WORK INSTRUCTIONS |
Reproduce exactly, and only, the lines below from the one containing "Seine & Notre" through the one containing "弗伦斯堡啤酒专场干啤酒6瓶(最健康的啤酒\/最".

MATERIAL SHOWN |

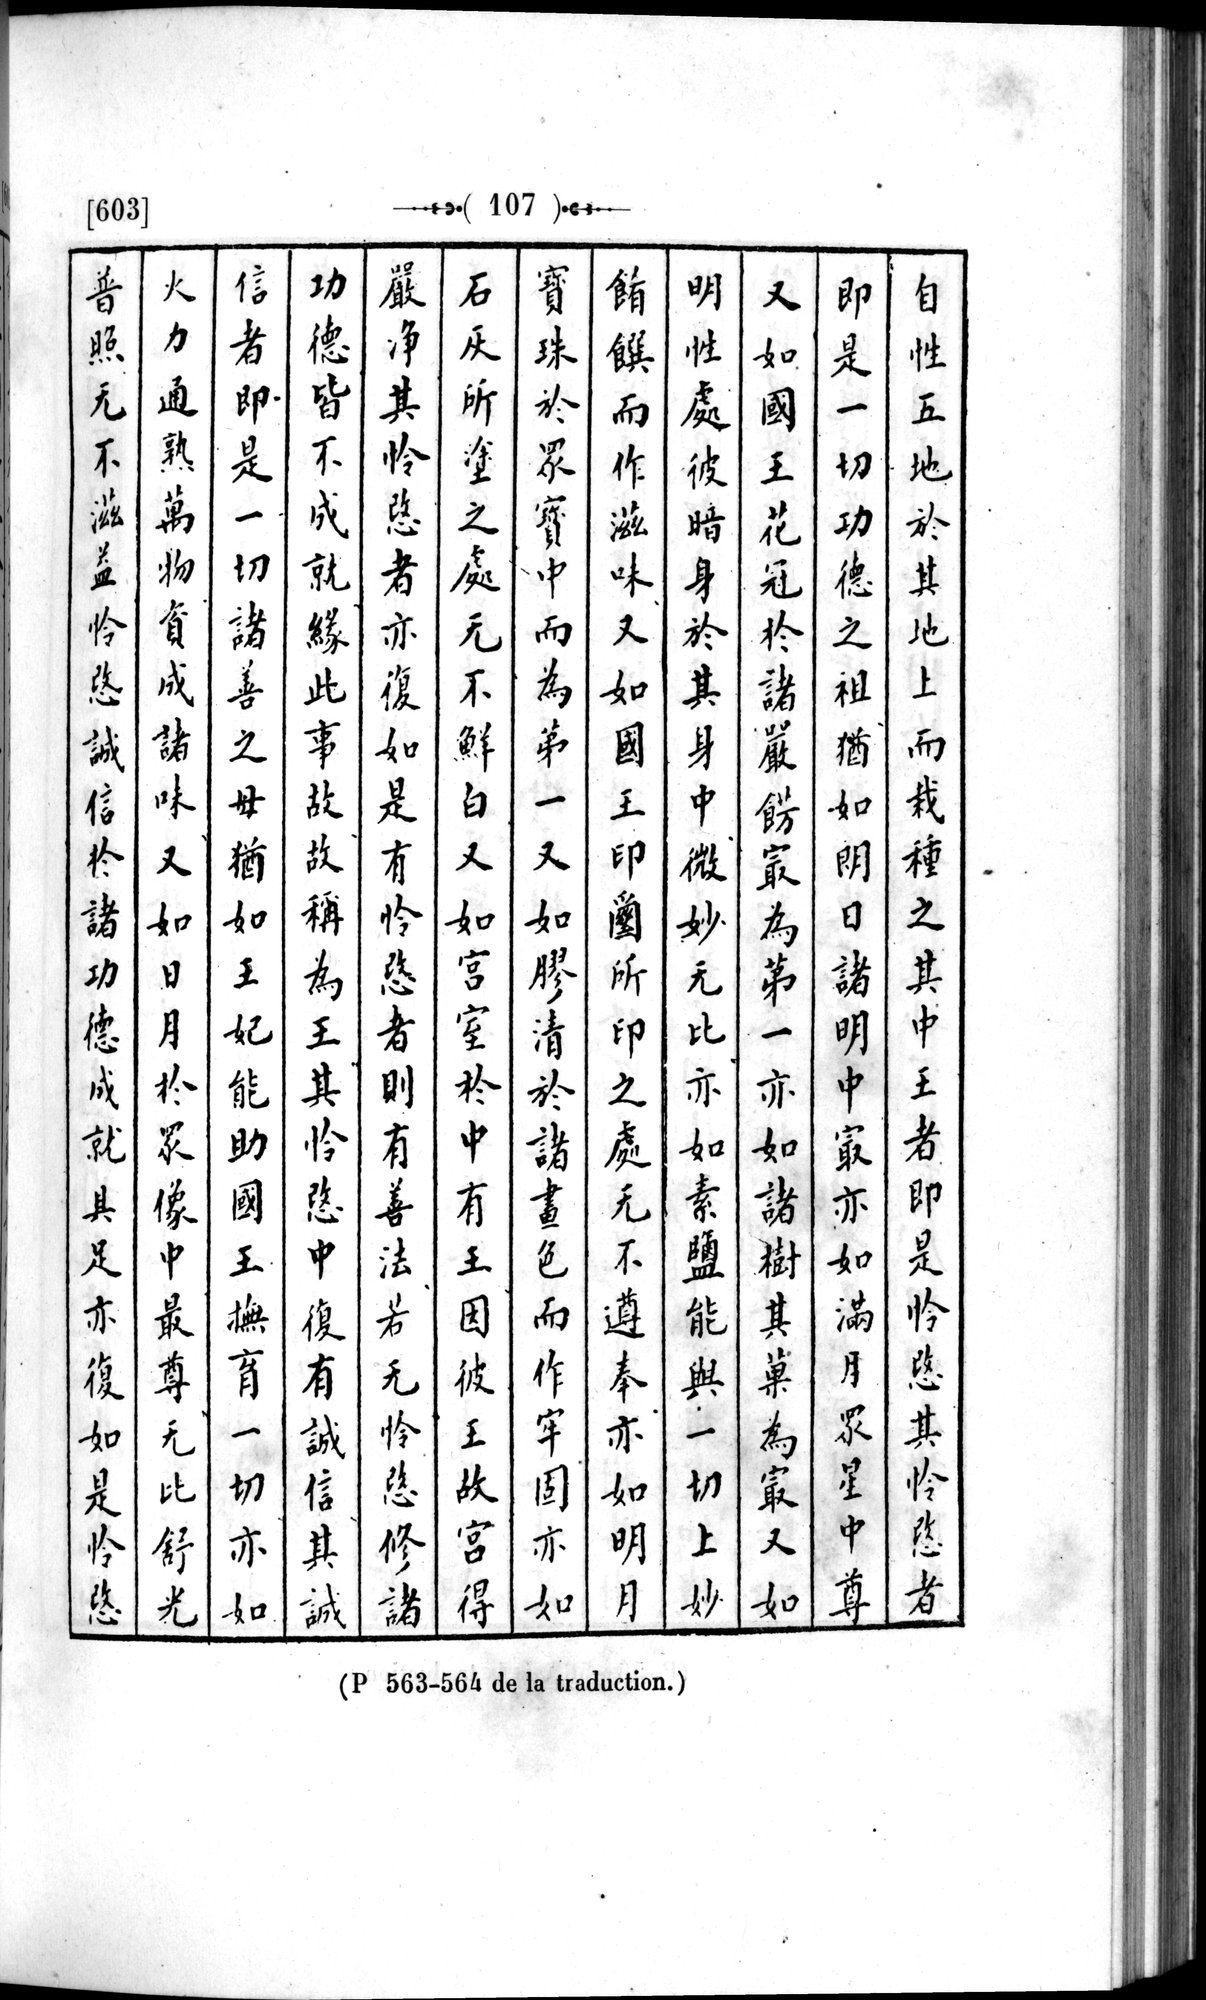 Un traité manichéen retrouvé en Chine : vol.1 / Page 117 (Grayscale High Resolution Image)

--

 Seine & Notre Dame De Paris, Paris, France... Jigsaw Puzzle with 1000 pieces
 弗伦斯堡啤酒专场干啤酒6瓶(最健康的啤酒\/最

TASK RESPONSE |
 Seine & Notre Dame De Paris, Paris, France... Jigsaw Puzzle with 1000 pieces
 弗伦斯堡啤酒专场干啤酒6瓶(最健康的啤酒\/最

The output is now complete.